What it's probably like: The Evil Dead meets The Fly, meets Entourage: The Movie.

Why Does the New Federative Alliance Need an Old Military Bot? (part of the Saturday Short Film Series, Saturday at 12 p.m.)

This one jumps out right in your face, because it's been a long time since we've seen a movie with a title longer than six words like Borat: Cultural Learnings of America for Make Benefit Glorious Nation of Kazakhstan, Don't Be a Menace to South Central While Drinking Your Juice in the Hood or The Incredibly Strange Creatures Who Stopped Living and Became Mixed-Up Zombies. It's such a brave and daring thing to do in this day and age when people are demanding their attention be met every three-and-a-half seconds.

The trailer for this sci-fi horror story is also pretty mysterious, which only makes it more intriguing. The festival describes it as a post-apocalyptic tale of two men -a prisoner and his captor- wandering the scorched Earth's landscape in search of an outdated military robot that will somehow be the key to humanity's survival. It's gonna feel like watching a giant jigsaw puzzle being put together without knowing the image on the puzzle's box.

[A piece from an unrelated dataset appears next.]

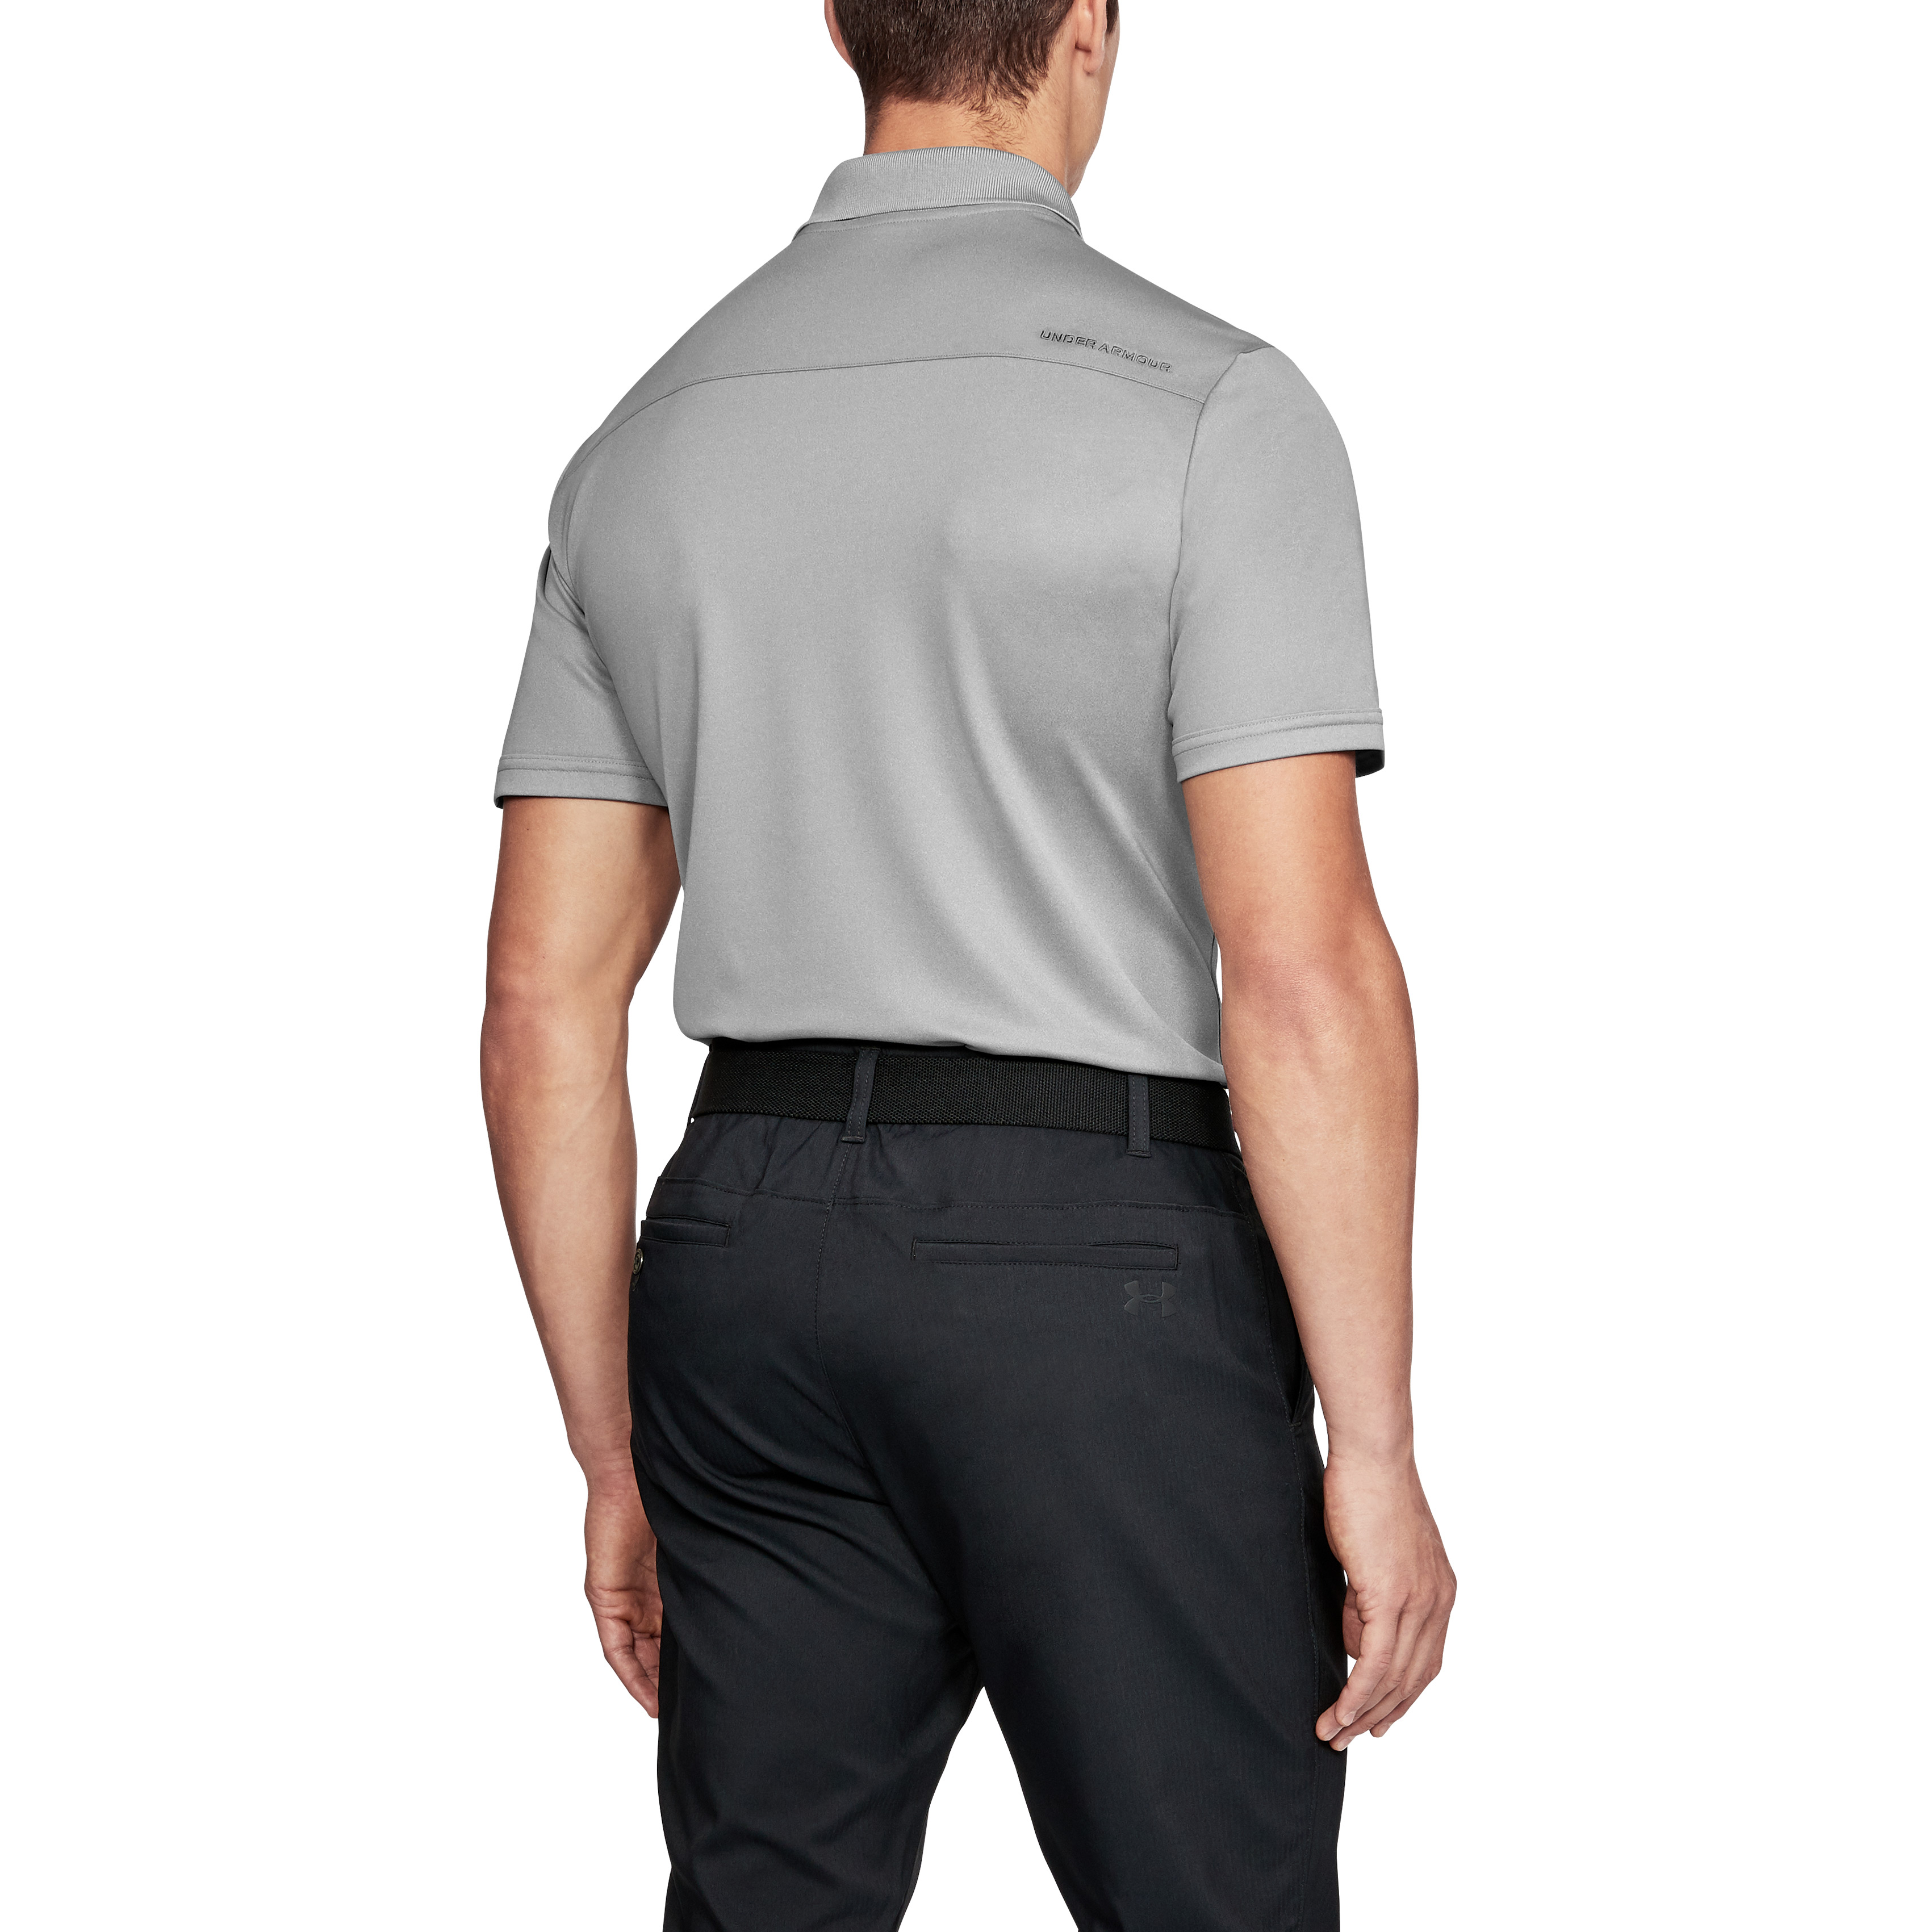 Under-Armour-Mens-Medal-Play-Performance-Polo-Shirt-UA-Golf-Short-Sleeve thumbnail 24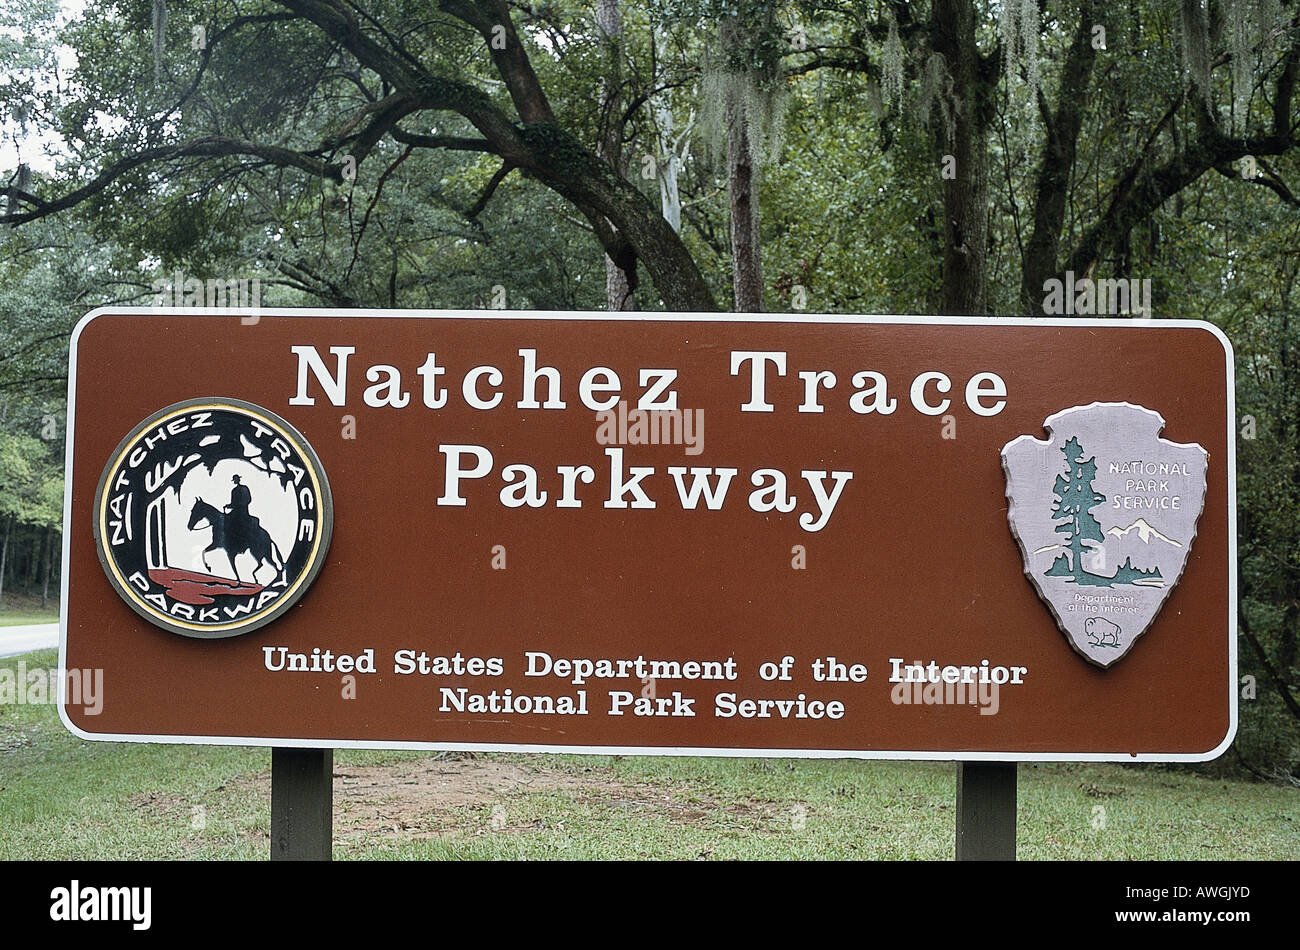 Natchez Trace Stock Photos Natchez Trace Stock Images Alamy

What it's probably like: Mad Max meets WALL-E, meets the middle part of The Good, The Bad and The Ugly

The VelociPastor (Saturday at 12 a.m.)

Almost everything you need to know is right there in the title. It's about a pastor who can turn into a dinosaur. Oh, and ninjas are involved somehow. Don't ask any more questions.

What it's probably like: An American Werewolf in Paris meets Jurassic Park meets First United.